■ WORK REQUIRED ■
Pictures excluded, reproduce exactly the lines below from the one with "Antique oak filing" through the one with "Buy Tory Burch", both included.

■ INPUT DATA ■
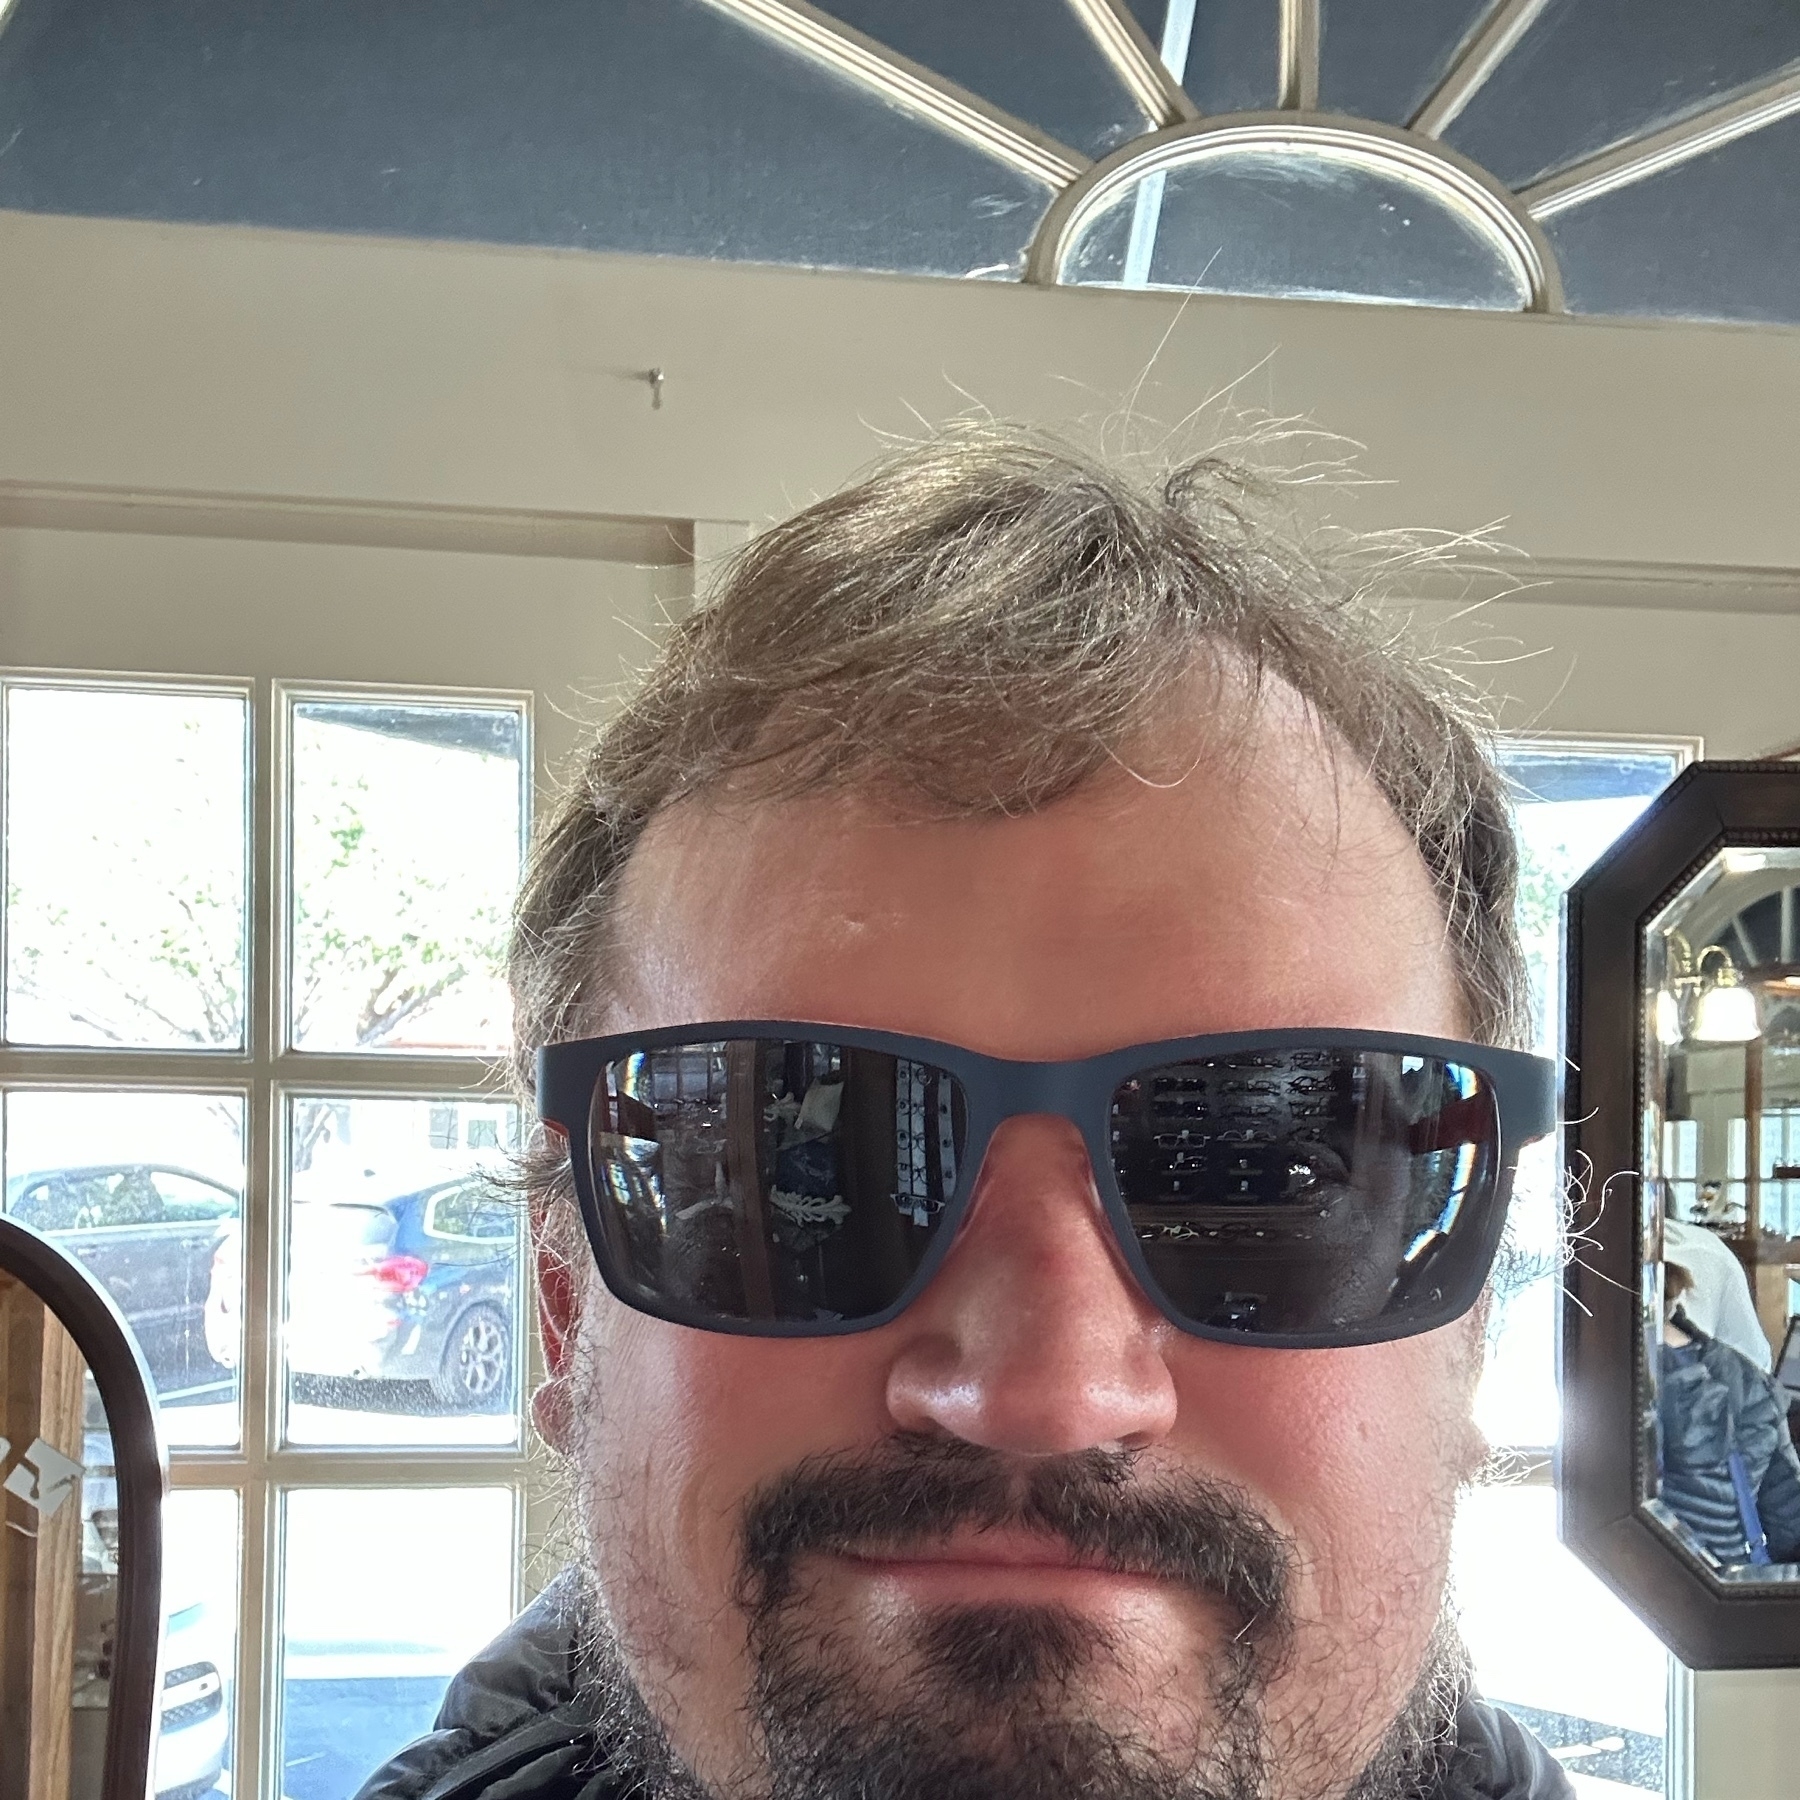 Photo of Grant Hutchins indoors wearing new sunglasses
...
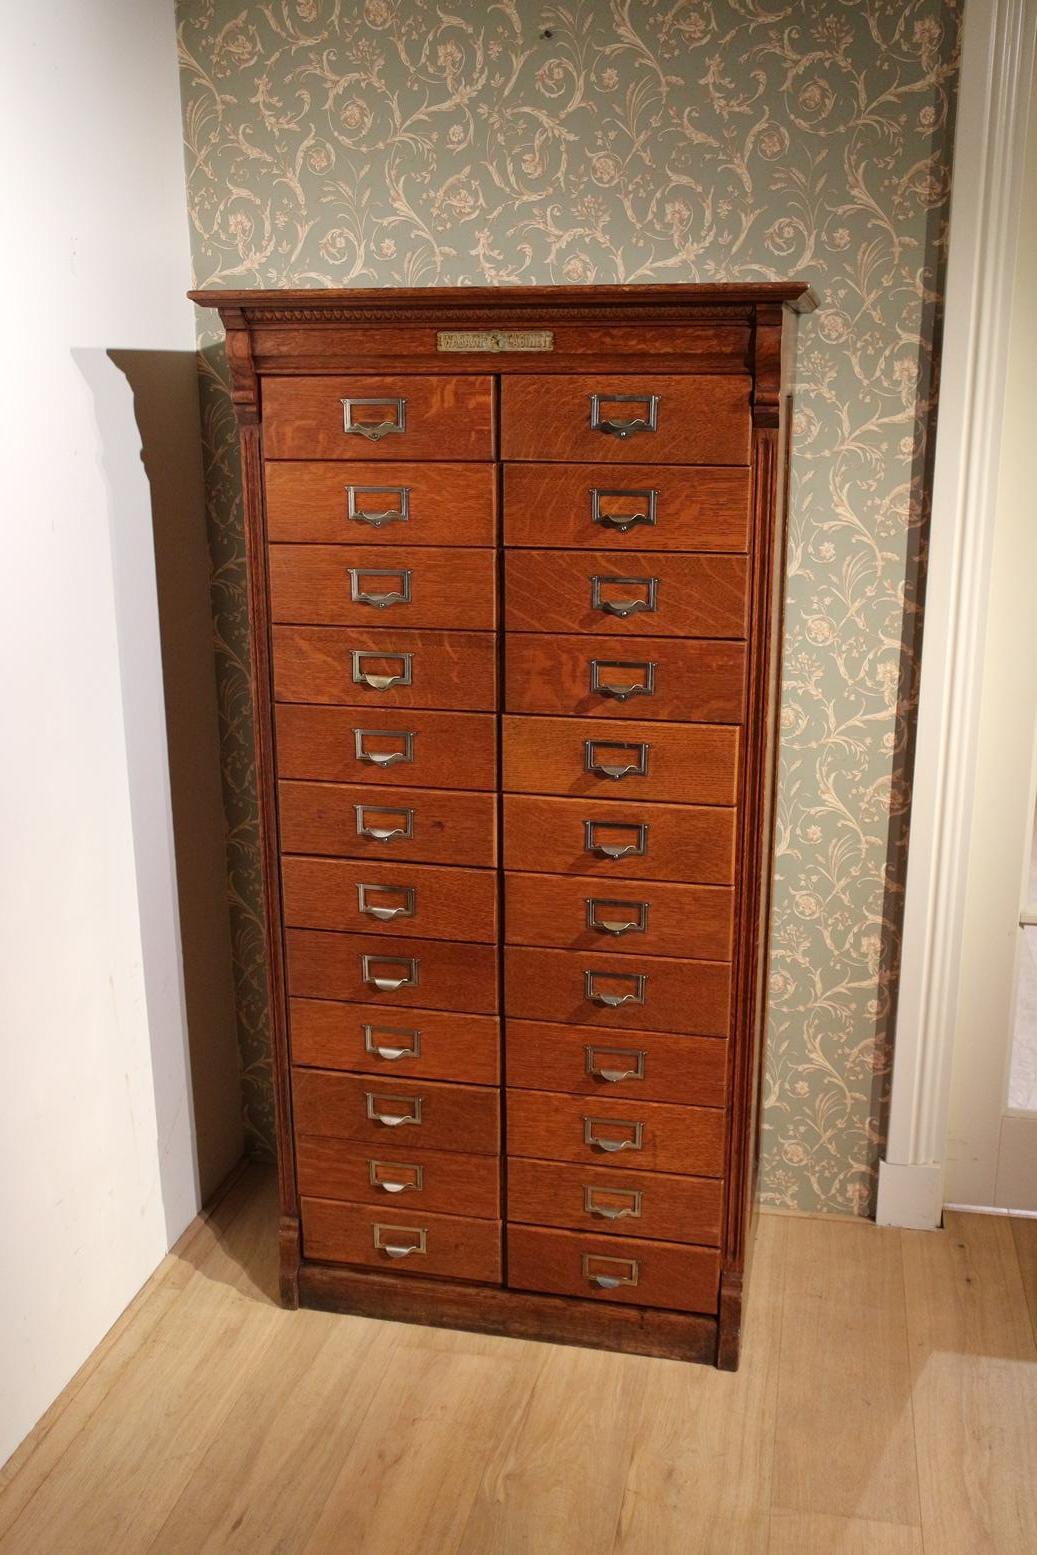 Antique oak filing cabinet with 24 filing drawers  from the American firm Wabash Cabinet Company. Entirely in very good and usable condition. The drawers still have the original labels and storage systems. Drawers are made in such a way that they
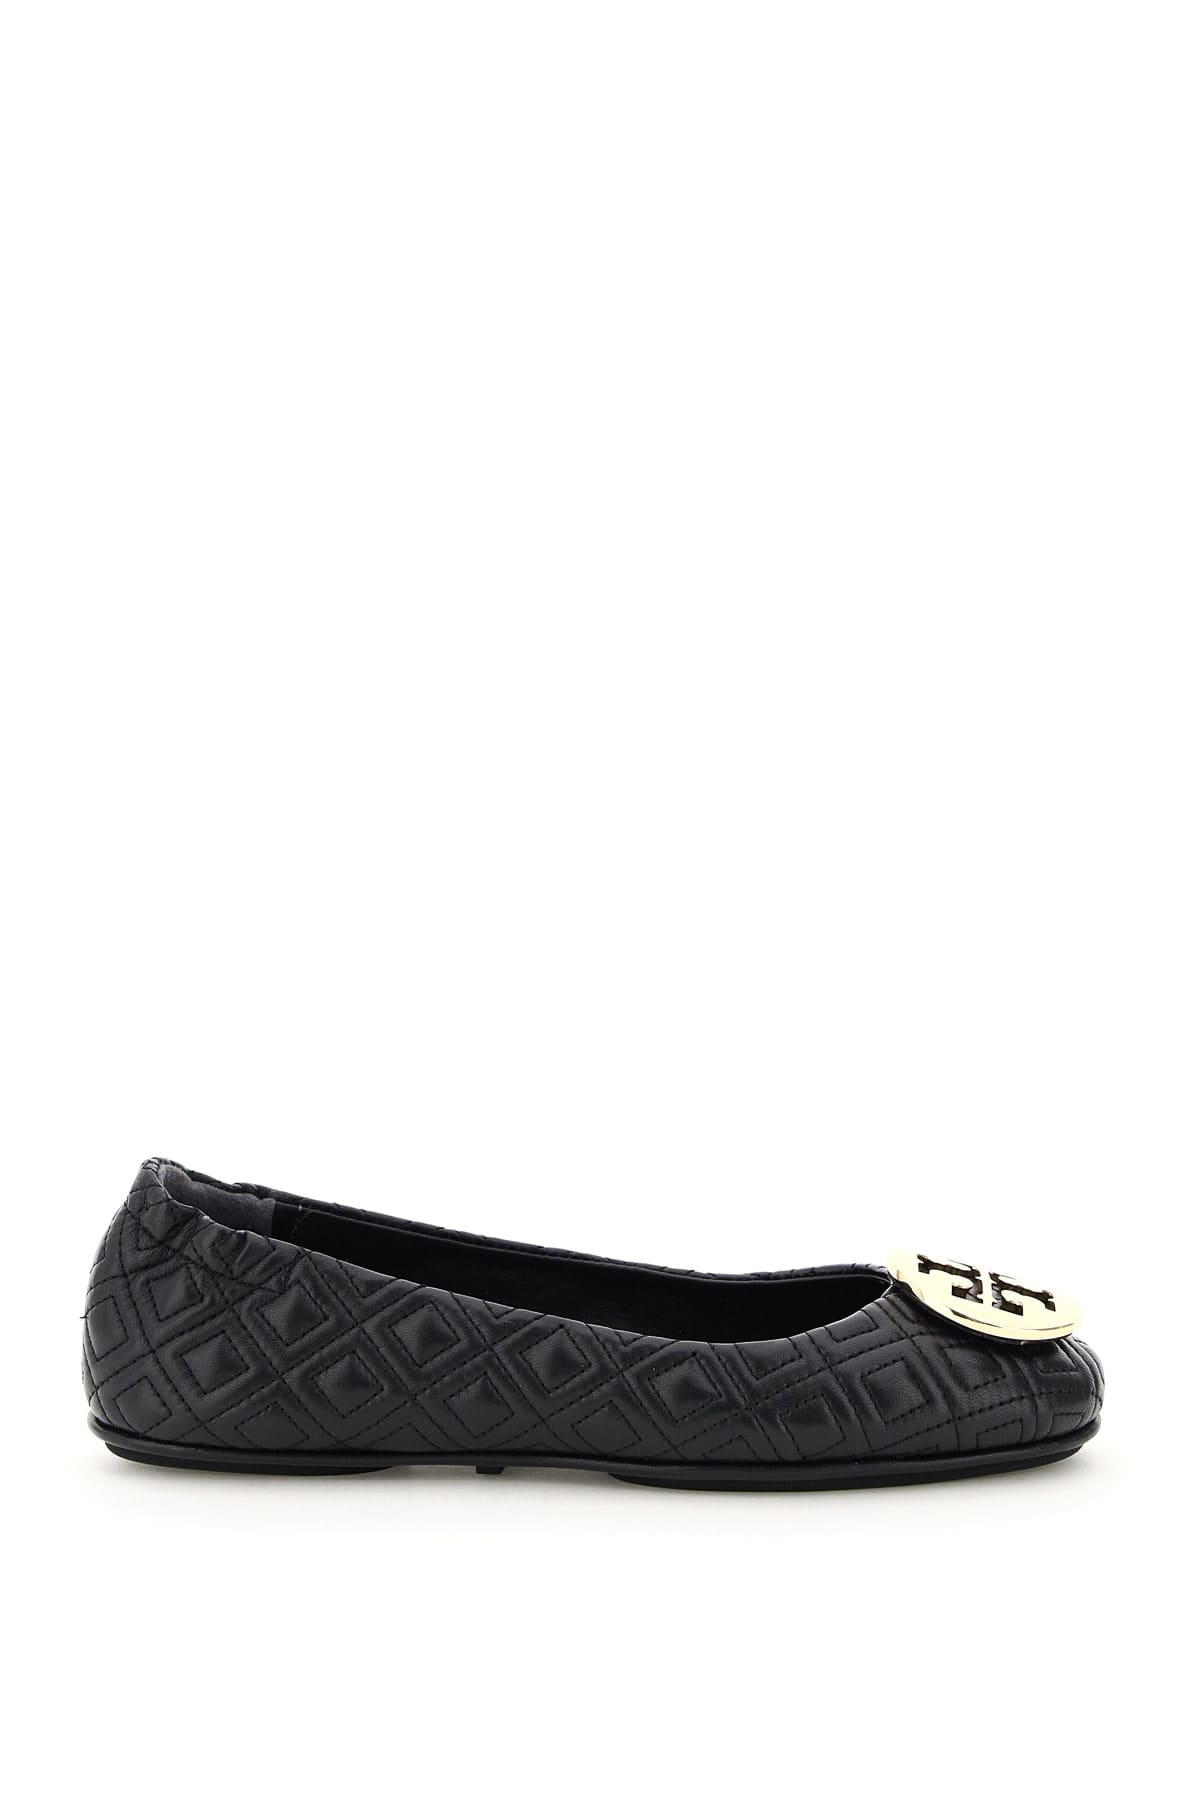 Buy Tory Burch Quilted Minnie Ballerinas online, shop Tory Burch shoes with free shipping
* * *
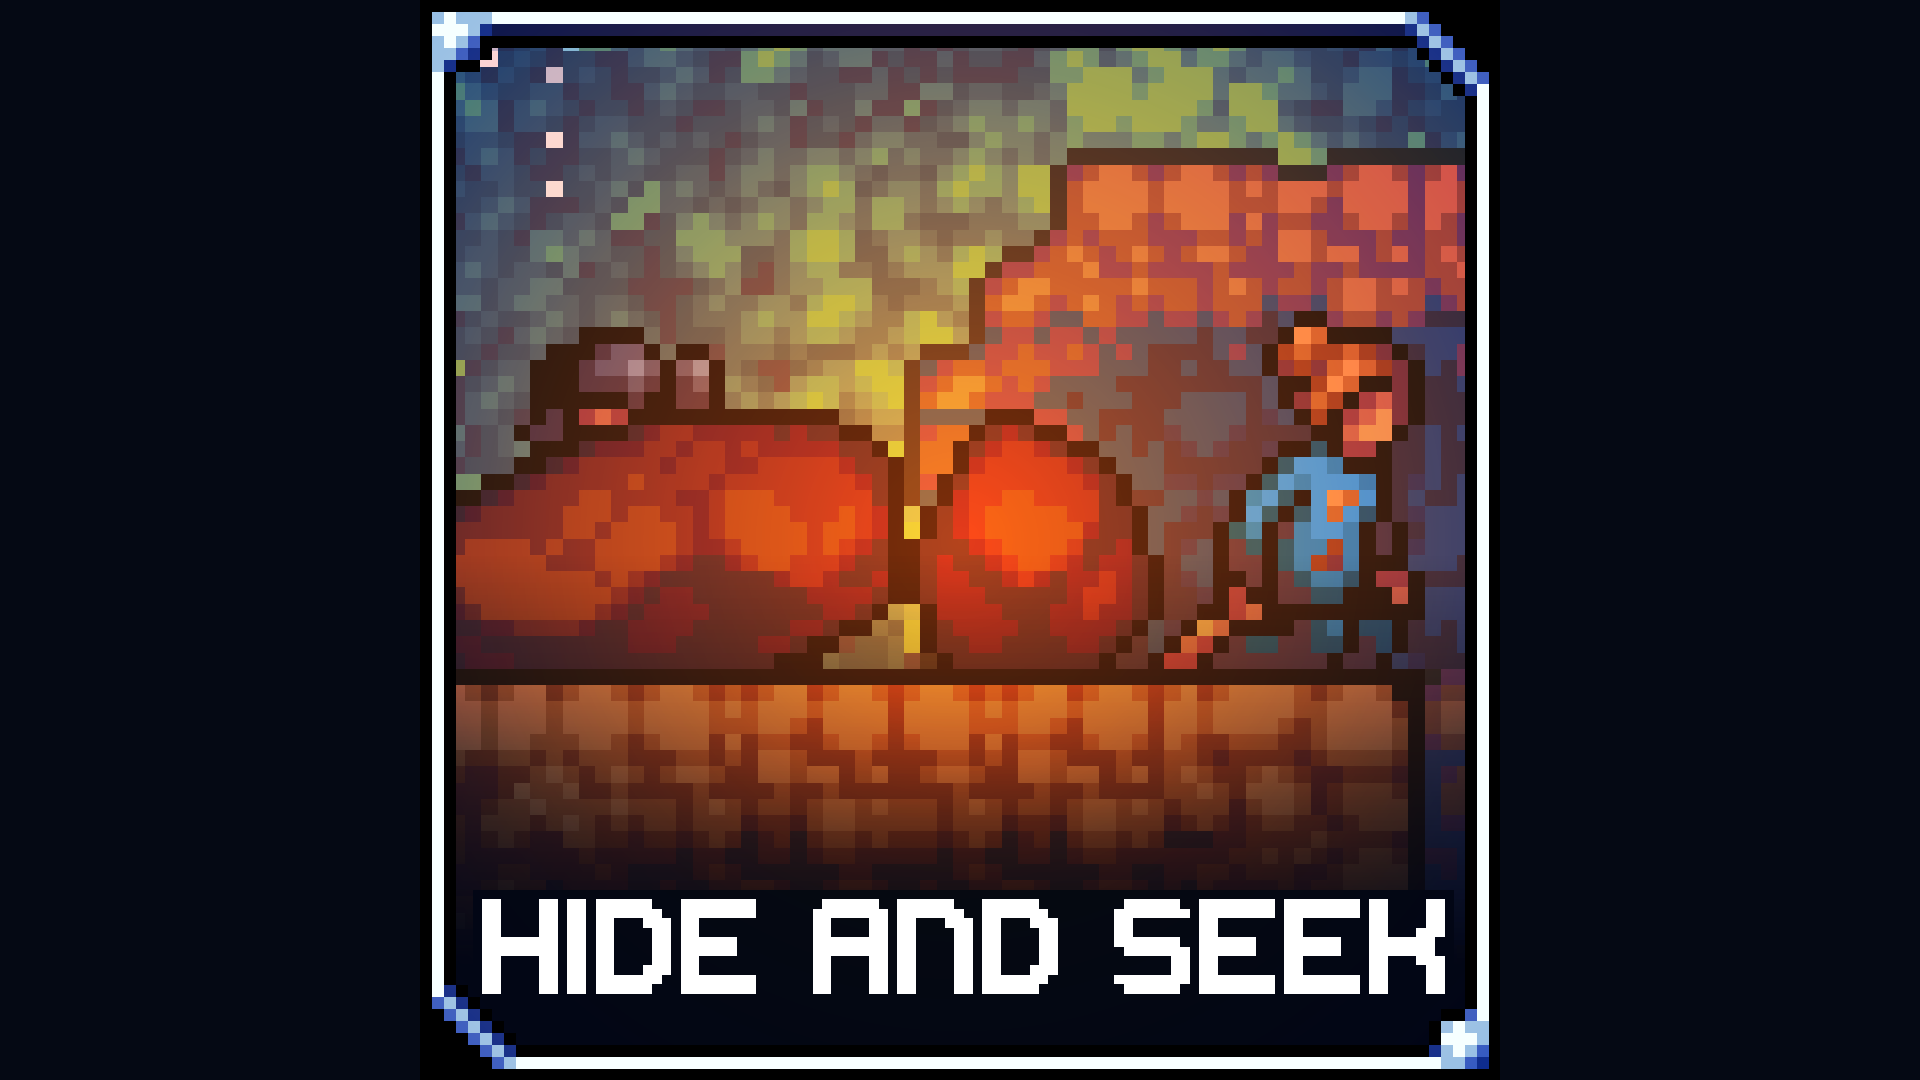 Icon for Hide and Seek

■ ANSWER TO THIS EXERCISE ■
 Antique oak filing cabinet with 24 filing drawers  from the American firm Wabash Cabinet Company. Entirely in very good and usable condition. The drawers still have the original labels and storage systems. Drawers are made in such a way that they
 Buy Tory Burch Quilted Minnie Ballerinas online, shop Tory Burch shoes with free shipping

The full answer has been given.